Glial changes observed with the presentation of mood symptomatology suggest glial dysfunction in the midcingulate cortex may contribute to mood-related symptomatology in Huntington’s disease. Created with BioRender.com.

Only a few studies have explored astrocytic changes in the cortex, with the literature suggesting regional cortical astrocytic changes in HD. Previous investigations into astrocytic changes have been carried out in the prefrontal cortex, temporal cortex, insular cortex, mediofrontal gyrus, and anterior cingulate cortex; however, prior to our study, no examination of the MCC has persisted. To this point, we examined alterations in the glutamate transporter EAAT2 expression, which is specifically expressed in astrocytic processes, and observed potential astrocytic dysfunction in this region (Figure 1).
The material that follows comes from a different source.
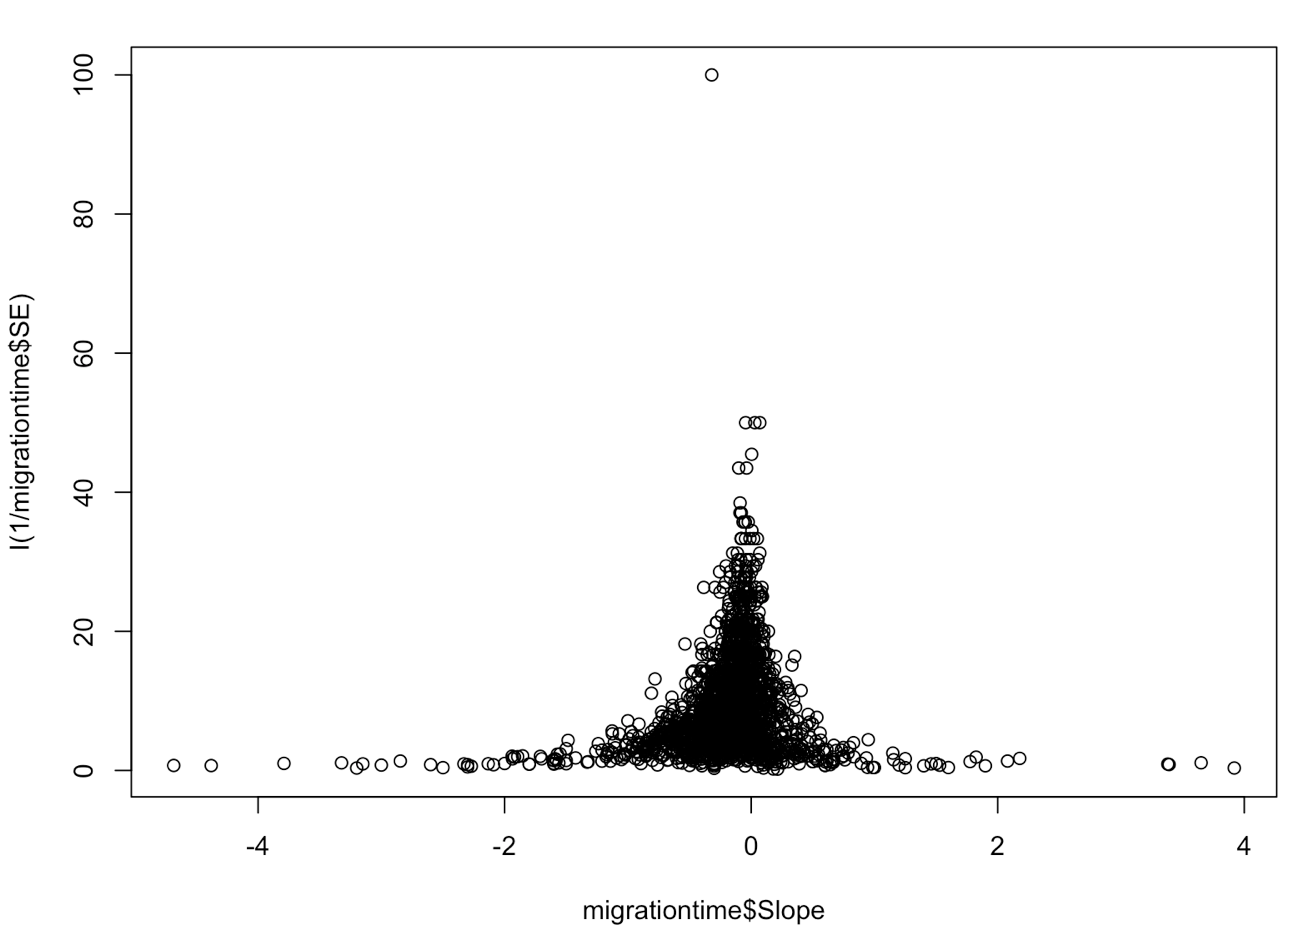 Funnel plot of model slope density distribution

Immunohistochemical studies revealed significant decreases in EAAT2-positive astrocyte size, area coverage, and density in the MCC in HD when compared with controls. Interestingly a symptom-specific reduction in EAAT2 was observed in patients who presented with mood symptomatology when compared to patients who presented with mainly motor symptom profiles. This suggests that regional dysfunctional glutamate buffering by astrocytes may contribute to the development of certain symptom profiles of patients (Palpagama et al., 2023). While these results are intriguing, the lack of human cortical studies highlights a critical need to investigate astrocyte dysfunction in the cortex and how it may be altered in a symptom-specific way.
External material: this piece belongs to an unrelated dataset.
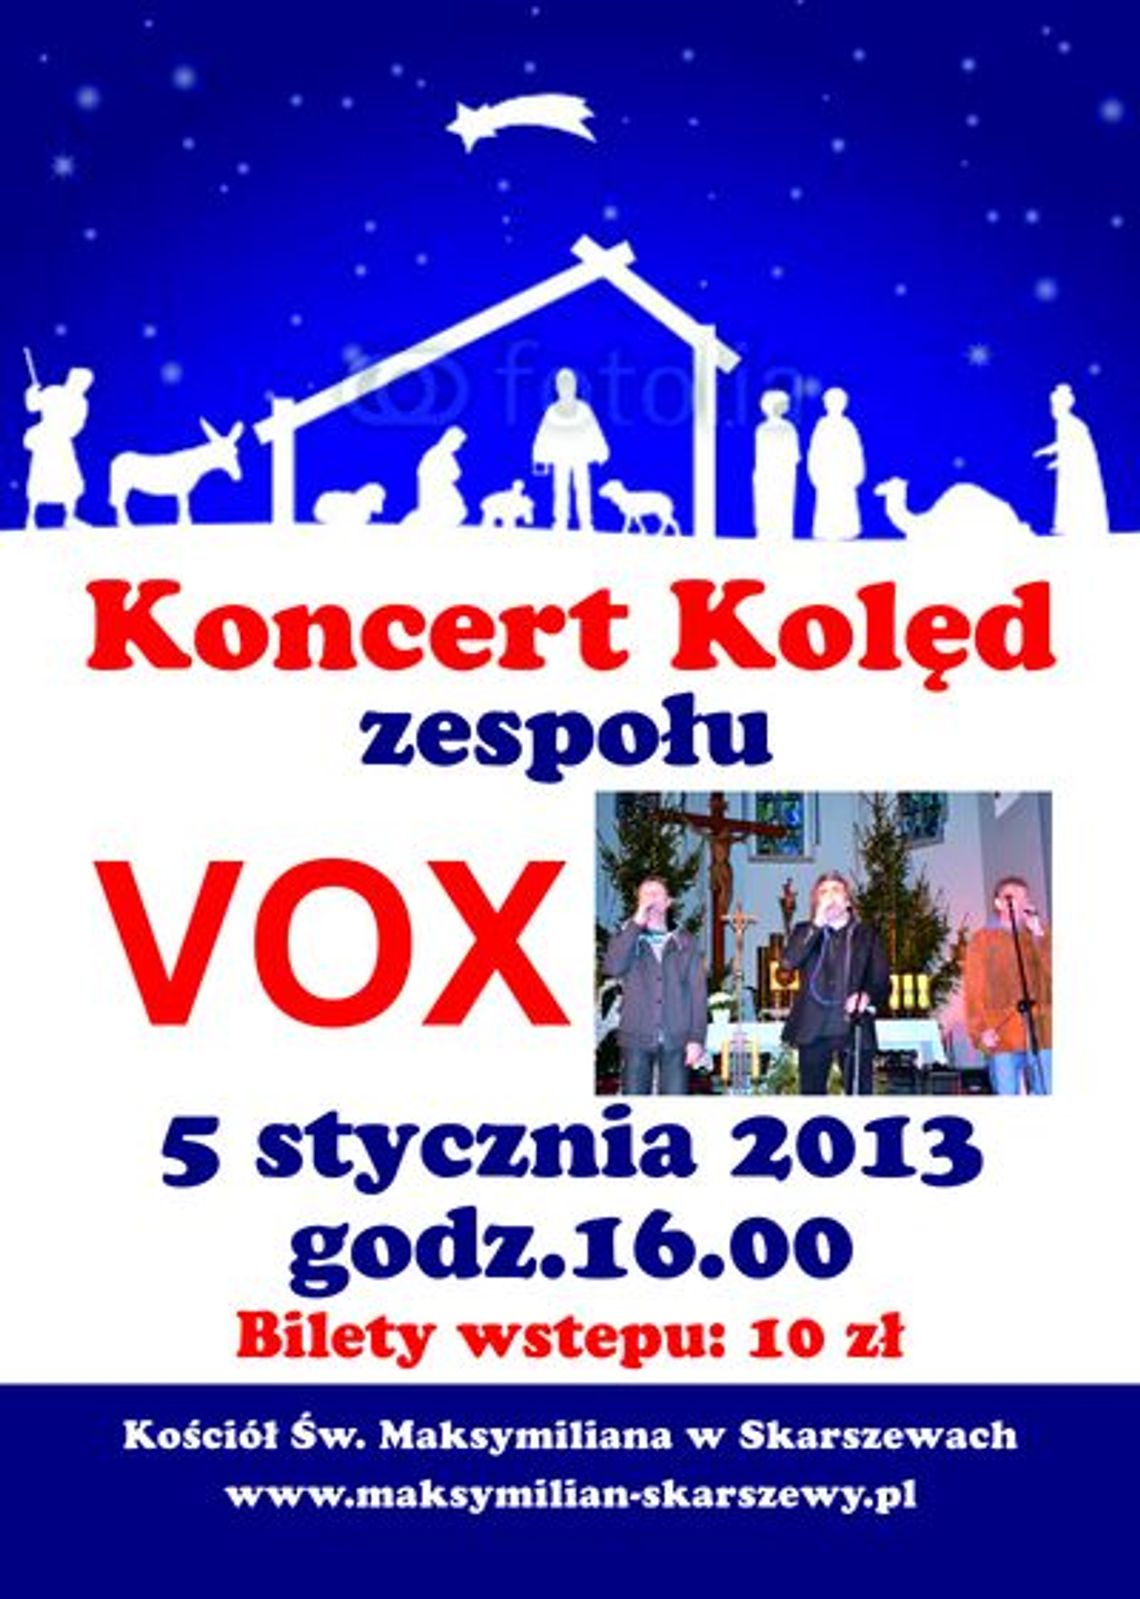 Koncert kolęd - VOX  w Skarszewach

The interplay between neuronal and non-neuronal cells suggests that these cell types contribute to the pathophysiology of HD. As such, though not the focus of the current perspective, it would be remiss not to mention the growing body of literature on oligodendrocyte dysfunction in the progression of HD. Impairment in the maturation of oligodendrocytes, impaired myelination, and adaptive myelination, the dysregulation of oligodendrocyte lineage transcription factors and myelinogenic genes, and abnormal lipid metabolism in oligodendrocytes have all been hypothesized to contribute to the oligodendrocyte dysfunction observed in HD (Casella et al., 2020; Ferrari Bardile et al., 2023). Interestingly, the proliferation of oligodendrocyte precursor cells has been observed in HD mouse models and may potentially confer a compensatory mechanism for oligodendrocytic dysfunction (Casella et al., 2020; Ferrari Bardile et al., 2023). Widespread white matter volume loss is a pathological change observed in HD, and the literature suggests that altered organization of fibers along with decreased myelin sheath thickness may underlie altered neuronal activity, axonal degeneration, and reduced connectivity (Ferrari Bardile et al., 2023). The key contribution of oligodendrocytes to myelination suggests that dysfunction of these cells may underlie white matter degeneration in HD.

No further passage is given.